**To do**: Please make an exact copy of the lines from the one holding "Mandeln sind gar" through the end of the data, both ends included, with no pictures.

**Information provided**:
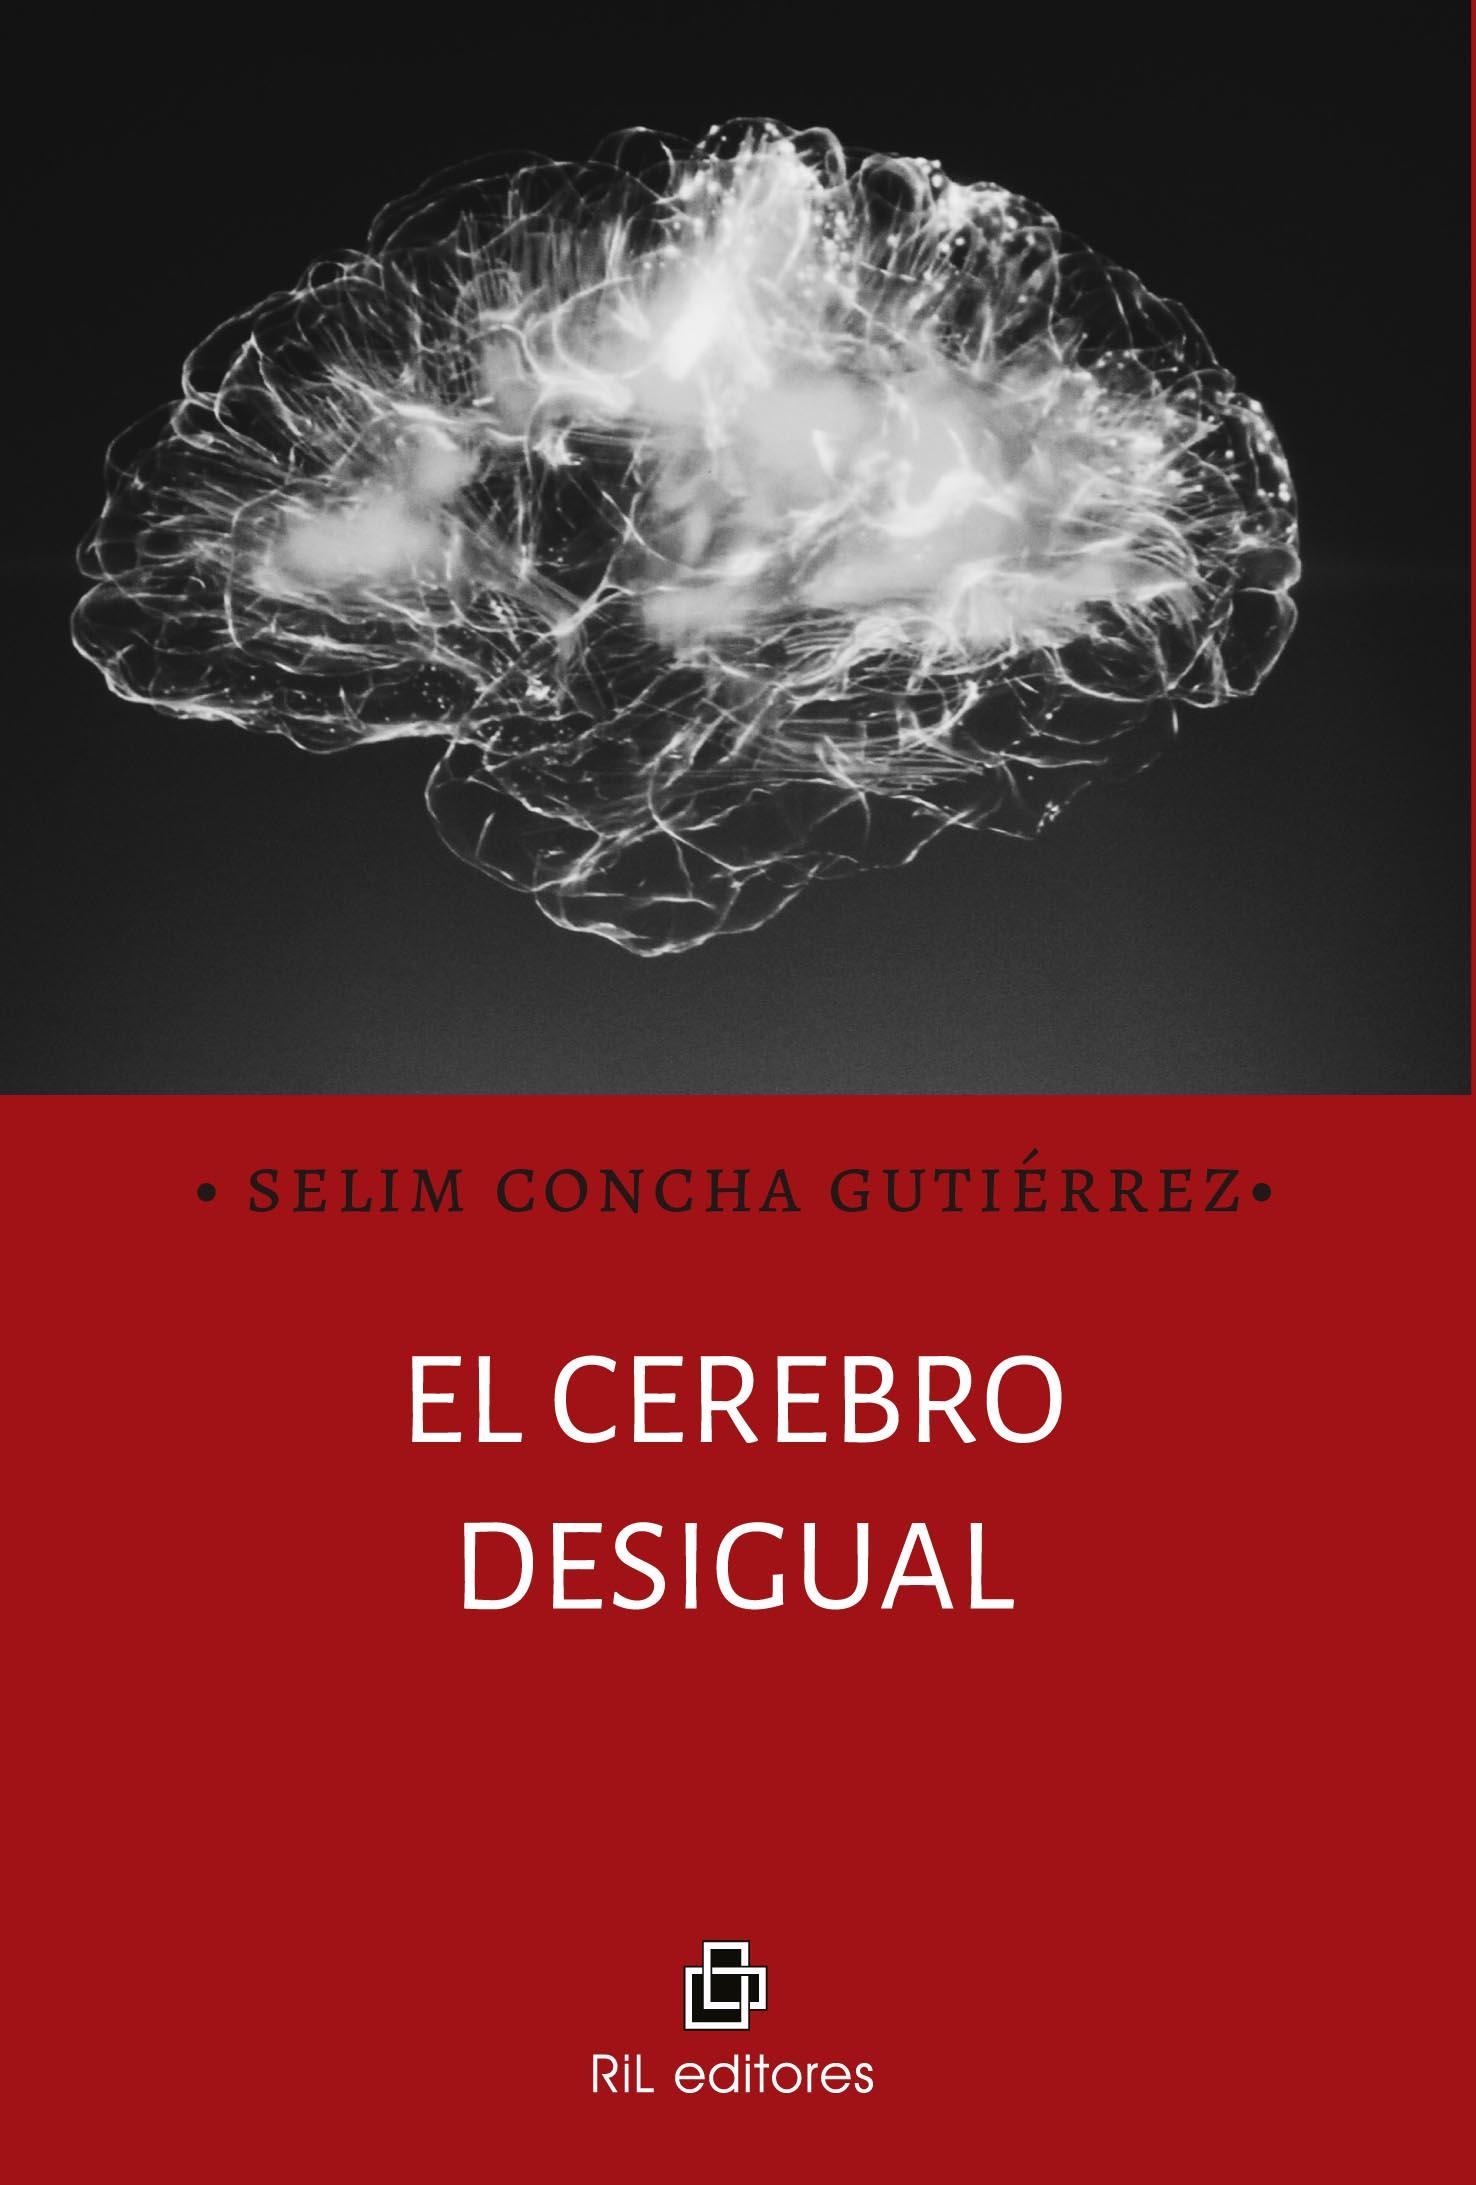 El cerebro desigual 1
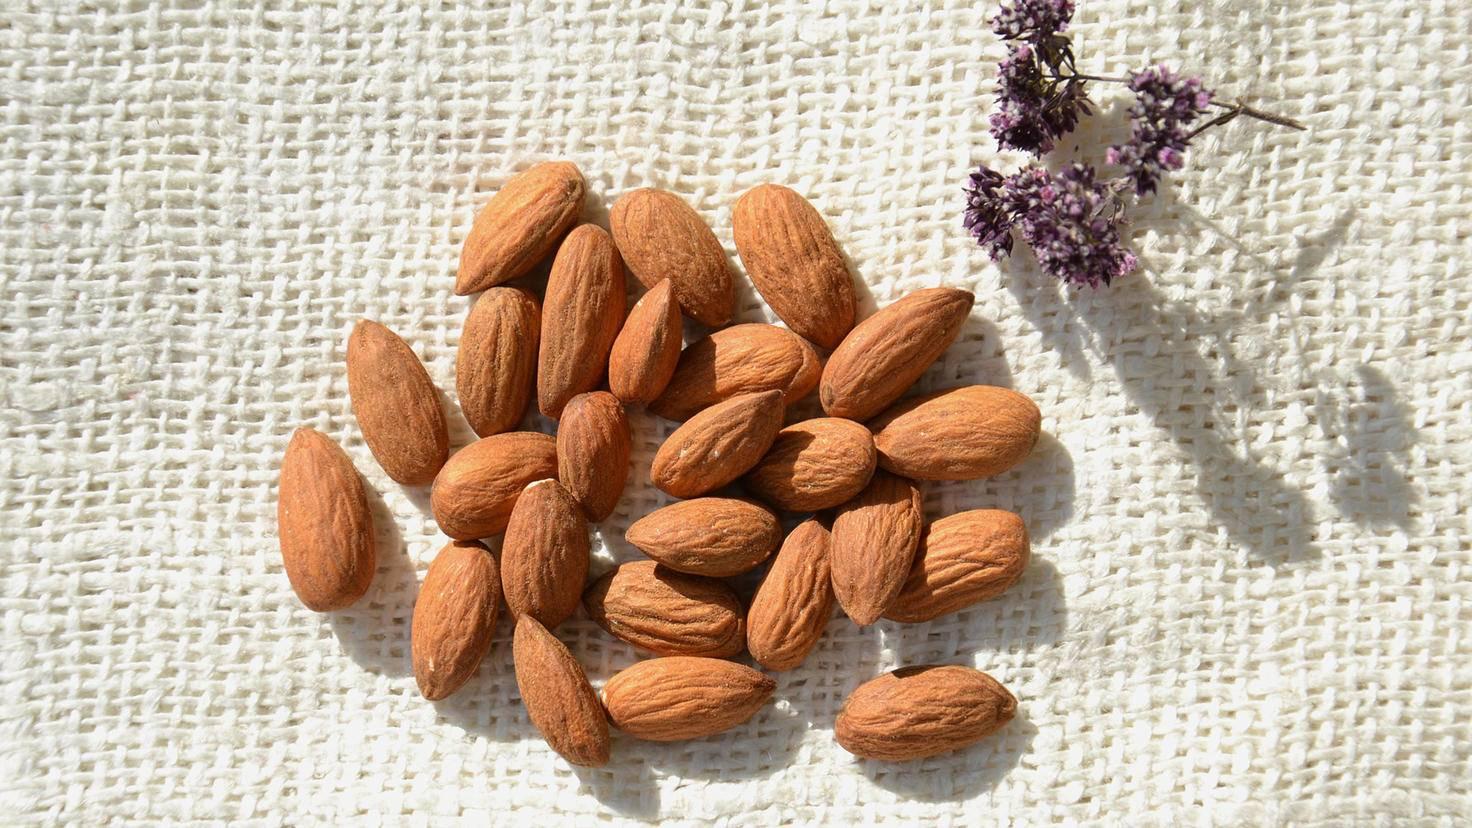 Mandeln sind gar keine Nüsse. Sie gehören zu den Steinfrüchten.
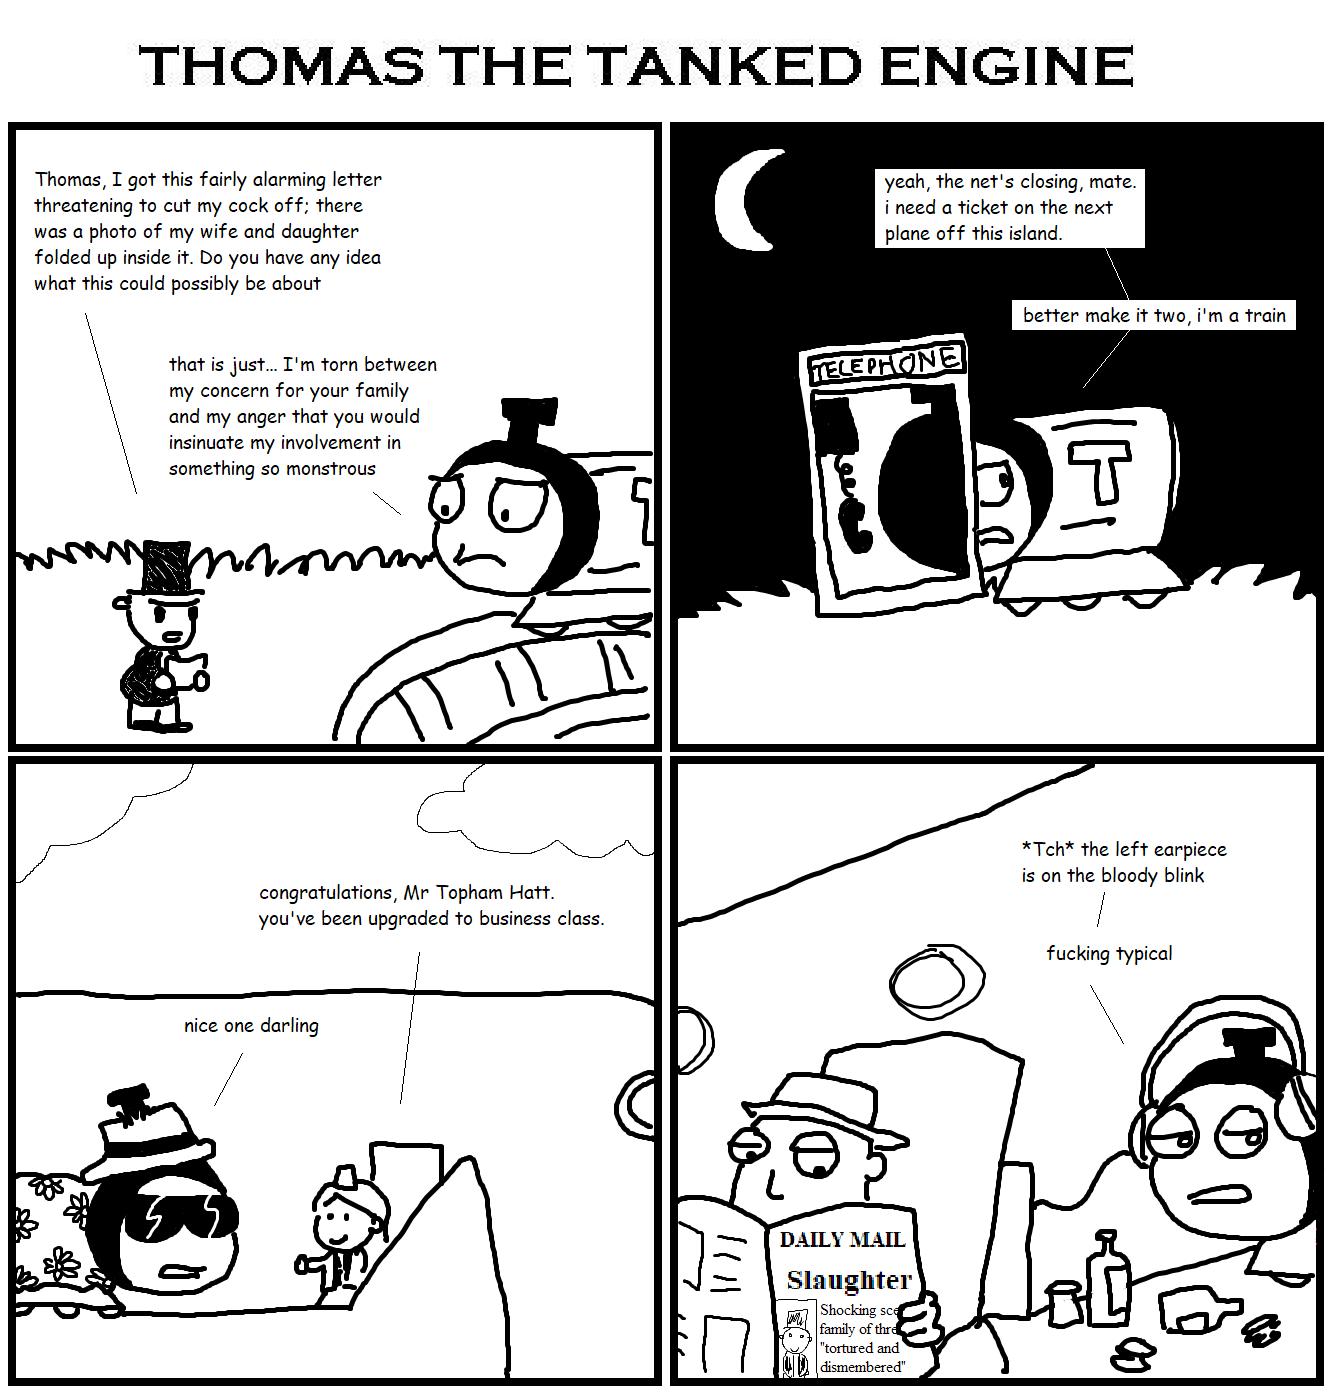 thomastanked17

**Written response**:
 Mandeln sind gar keine Nüsse. Sie gehören zu den Steinfrüchten.
 thomastanked17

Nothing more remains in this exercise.